Start by constructing any triangle ABC, including the midpoints. Include the Orthocenter, H.

Using the Orthocenter we can divide triangle ABC into 3 smaller triangles. See below.

We now have 4 triangles to study and compare. The original being triangle ABC and the other 3 triangles formed using H are: AHC, CHB, and AHB.

The question: How are these 3 triangles formed by using the Orthocenter similar? different?

__MORE
ORTHOCENTERS:__

Find the Orthocenter of
triangle HBC (shaded gray) - labeled **h1**
and happens to be located on vertex point A of the original triangle
ABC.

Find the Orthocenter of
triangle AHB (shaded yellow) - labeled **h2** and
happens to be located on the vertex point C of the original triangle
ABC.

Find the Orthocenter of
triangle HAC (shaded green) - labeled **h3 **and happens to be located on the vertex
point B of the original triangle ABC.

Thus, each of the 3 triangles formed by using H, the Orthocenter, of the original triangle ABC, has their Orthocenter located on a vertex point (A, B or C).

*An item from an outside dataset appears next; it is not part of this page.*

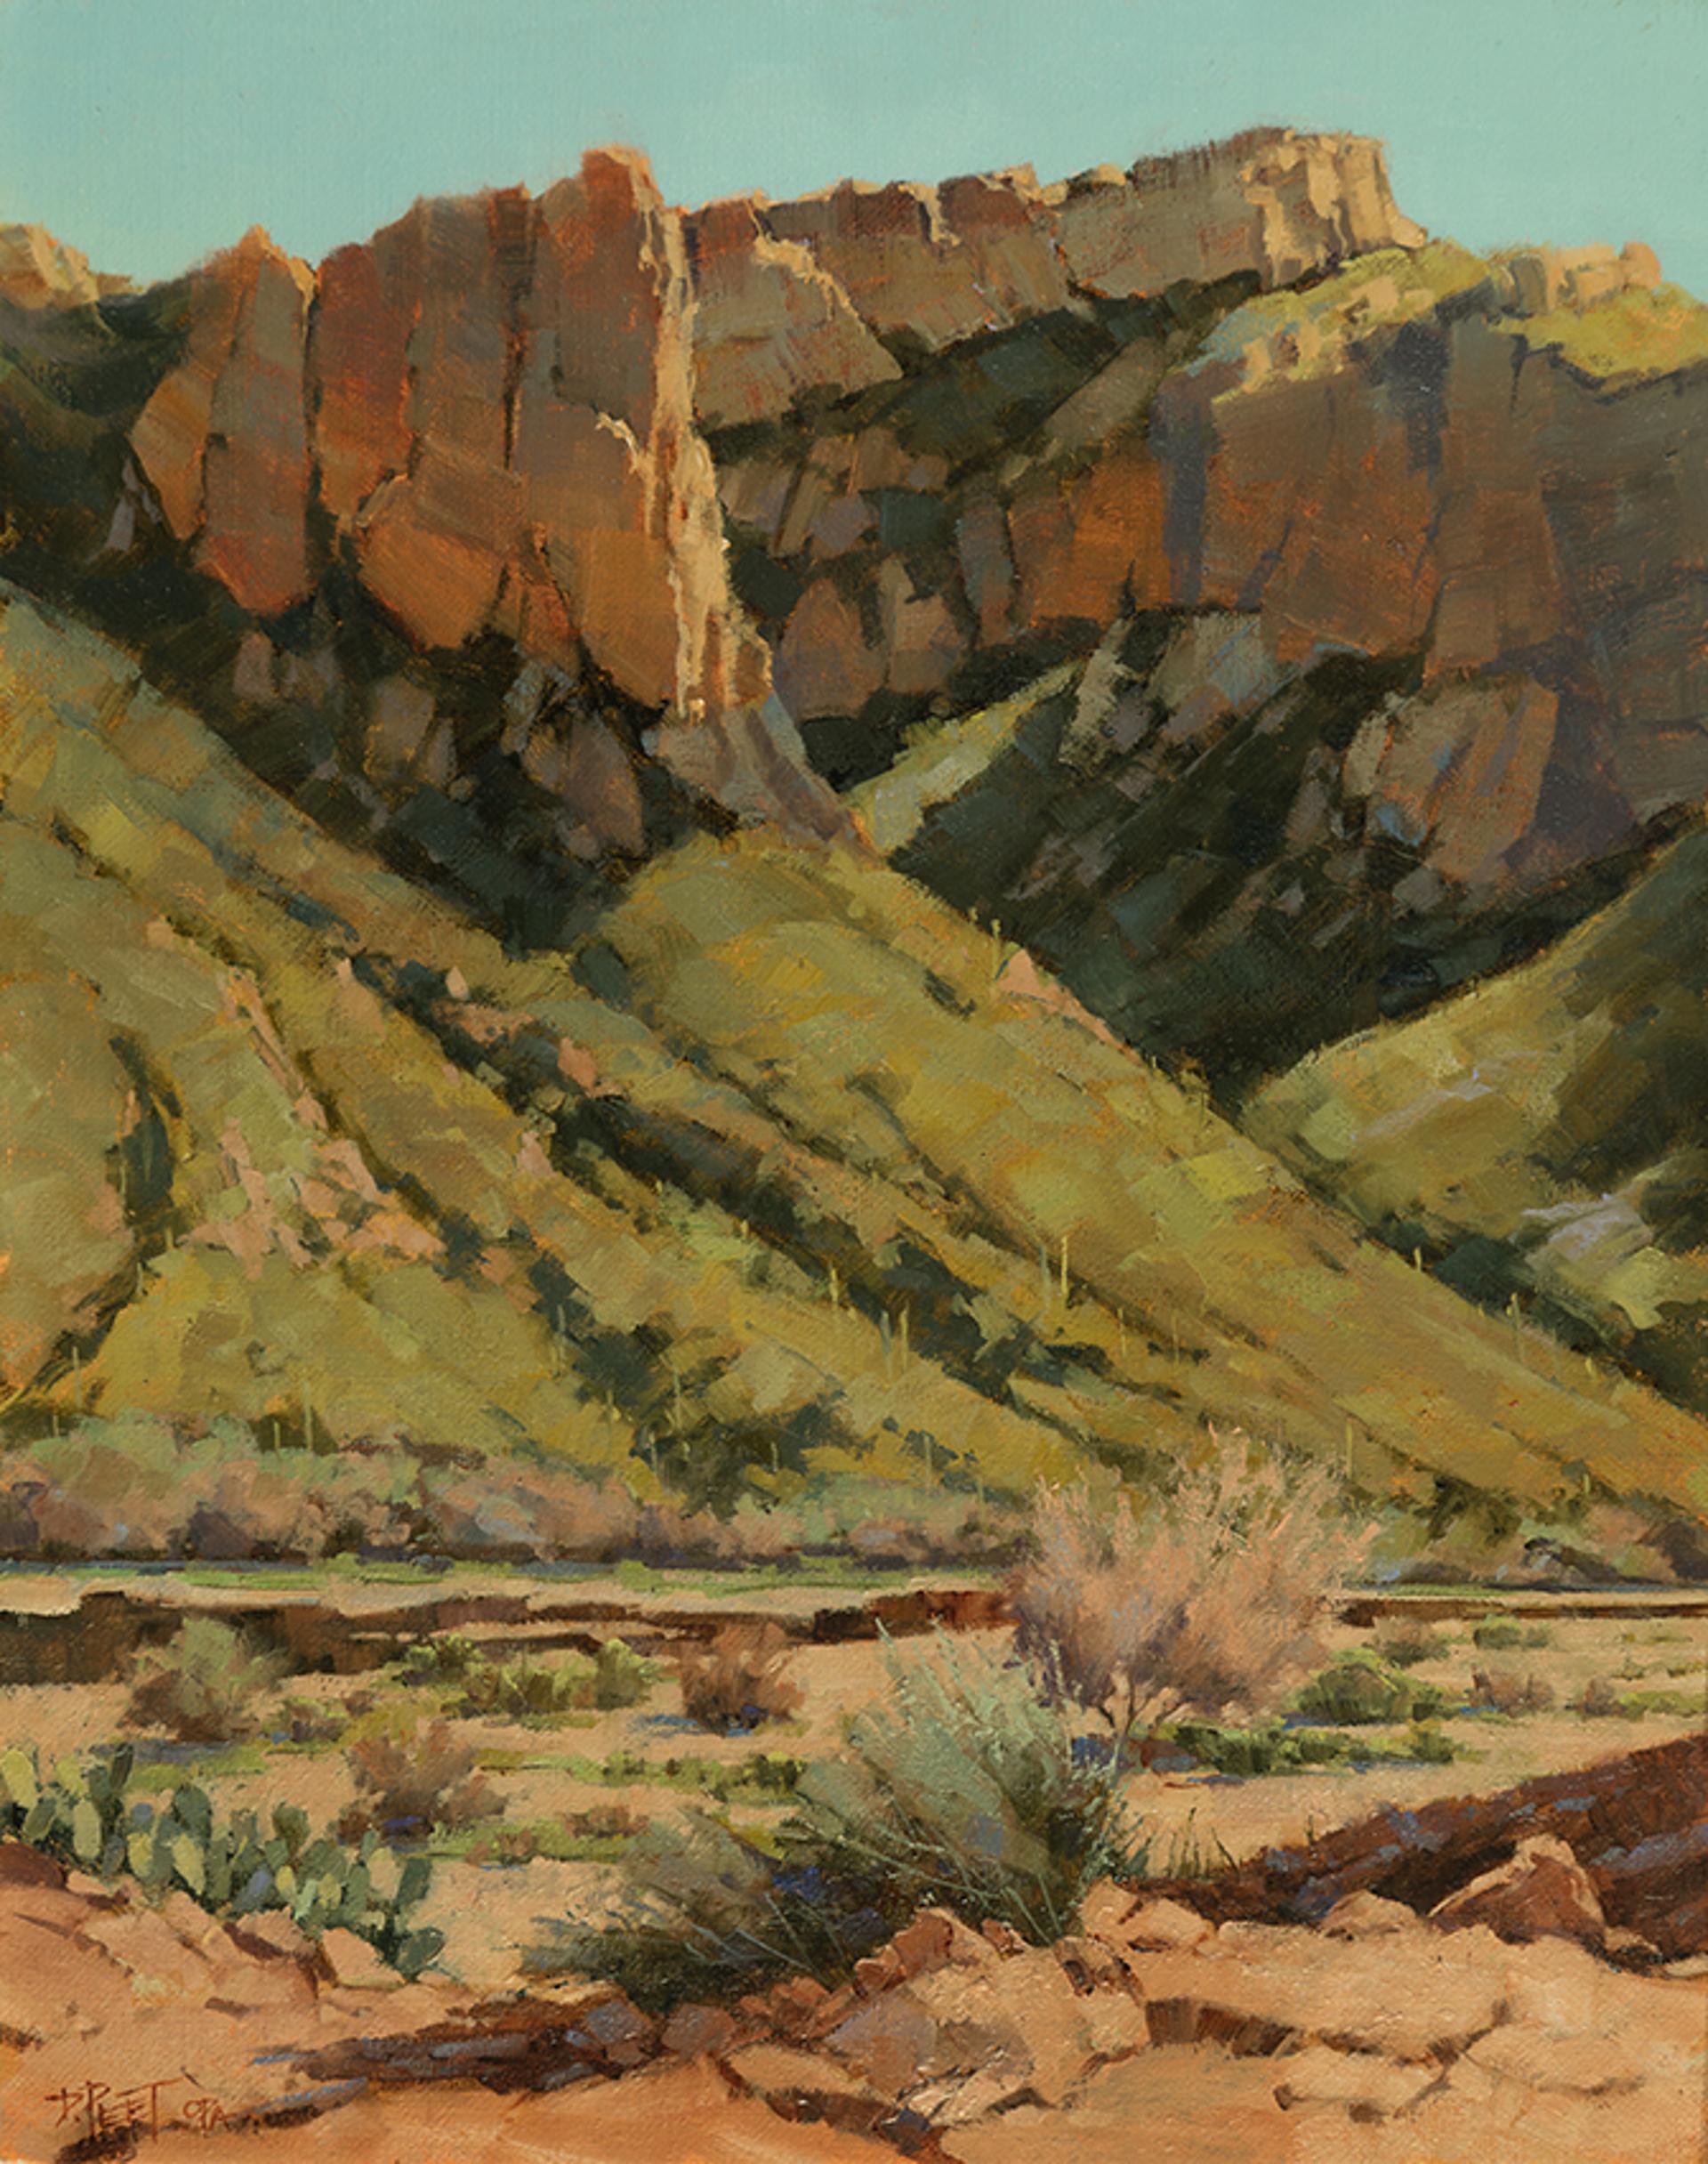 Sunblazed Canyon by Darcie Peet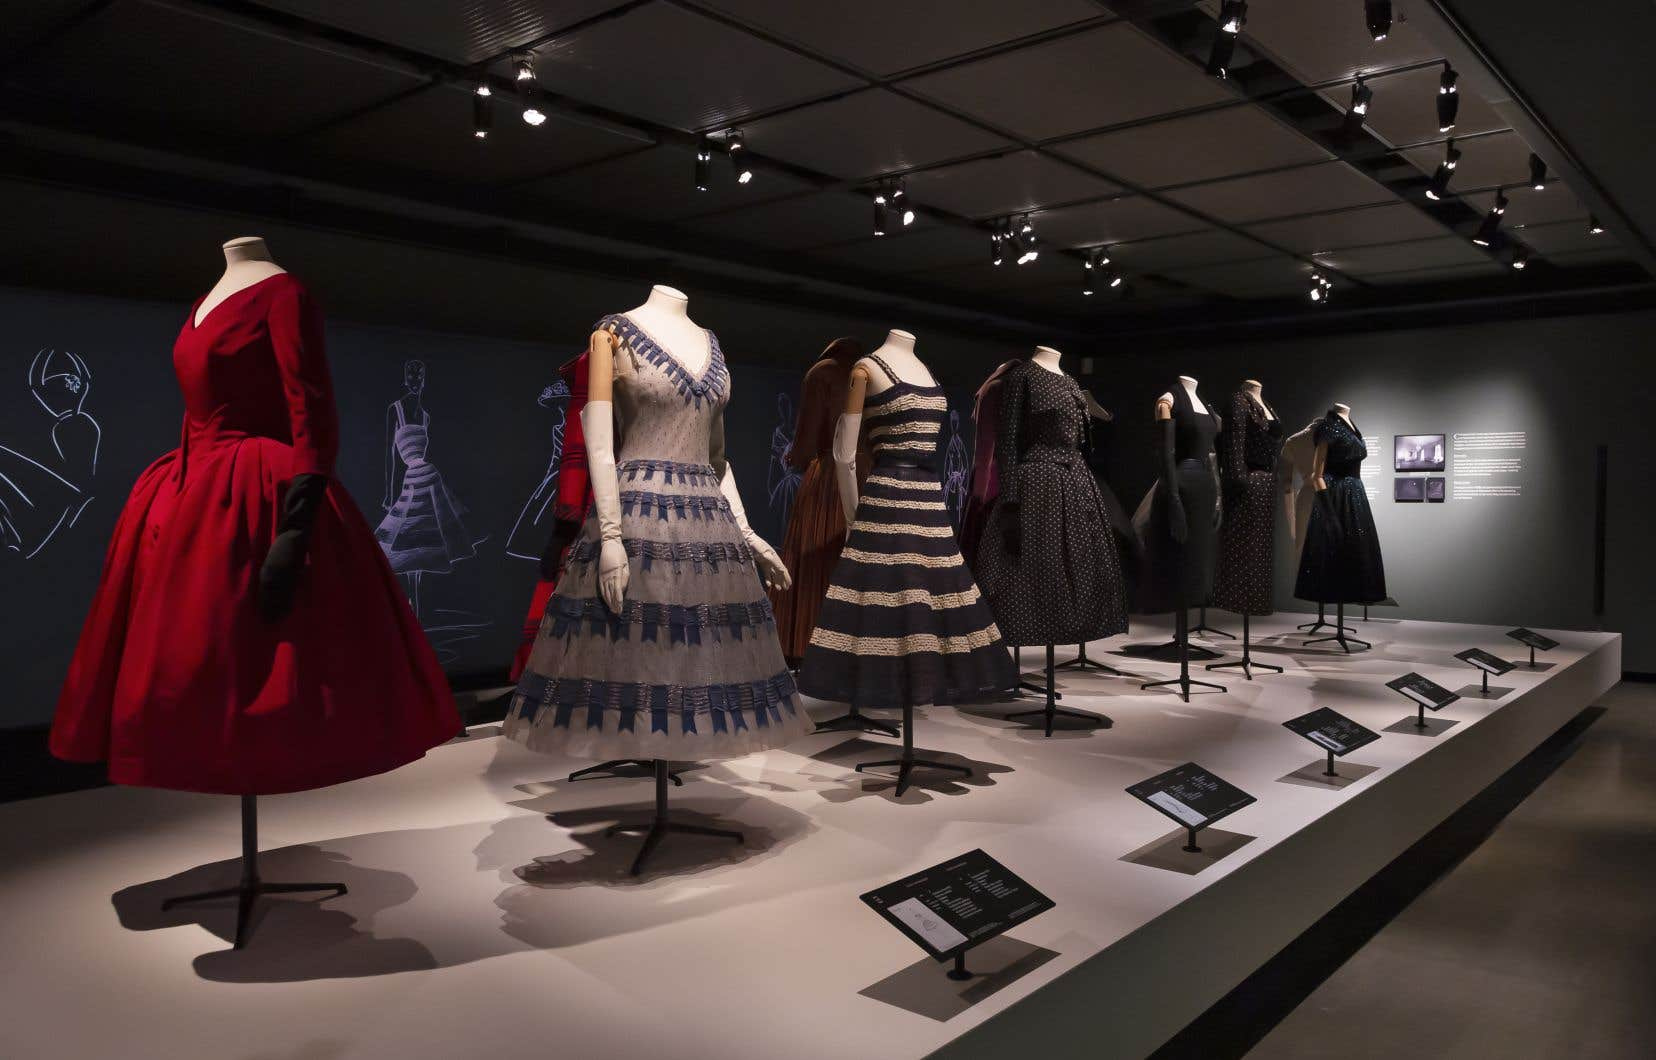 L'exposition «Christian Dior»présente 51 créations spectaculaires du couturier réalisées dans les années 1950.

How else can we compare these 3 triangles?

The circumcircle for triangle ABC is shown below, as well as H, the Orthocenter, and the Circumcenter of triangle ABC.

The circumcircle for triangle HBC is shown below along with the Circumcenter of triangle HBC.

The circumcircle for triangle HAB is shown below along with the Circumcenter of triangle HAB.

The circumcircle for triangle HAC is shown below along with the Circumcenter of triangle HAC.

*Note
that the areas and the circumferences of all four of these circumcircles
are equal -*

*Area
= 33.72 square cm. and Circumference = 20.58 cm for all of them.*

*Thus
all four of the triangles are similar.*

__Looking
at the BIG PICTURE.__

We can look at all 4 of the circumcircles overlaid onto triangle ABC. Note the intersection points of these 4 circumcircles: 3 circles intersect at each of the vertex points of triangle ABC.

For instance, CC of HAC and CC of HCB intersect with CC of ABC at vertex point C.

CC of HCB and CC of HAB intersect CC of ABC at vertex point B.

CC of HAB and CC of HAC intersect CC of ABC at vertex point A.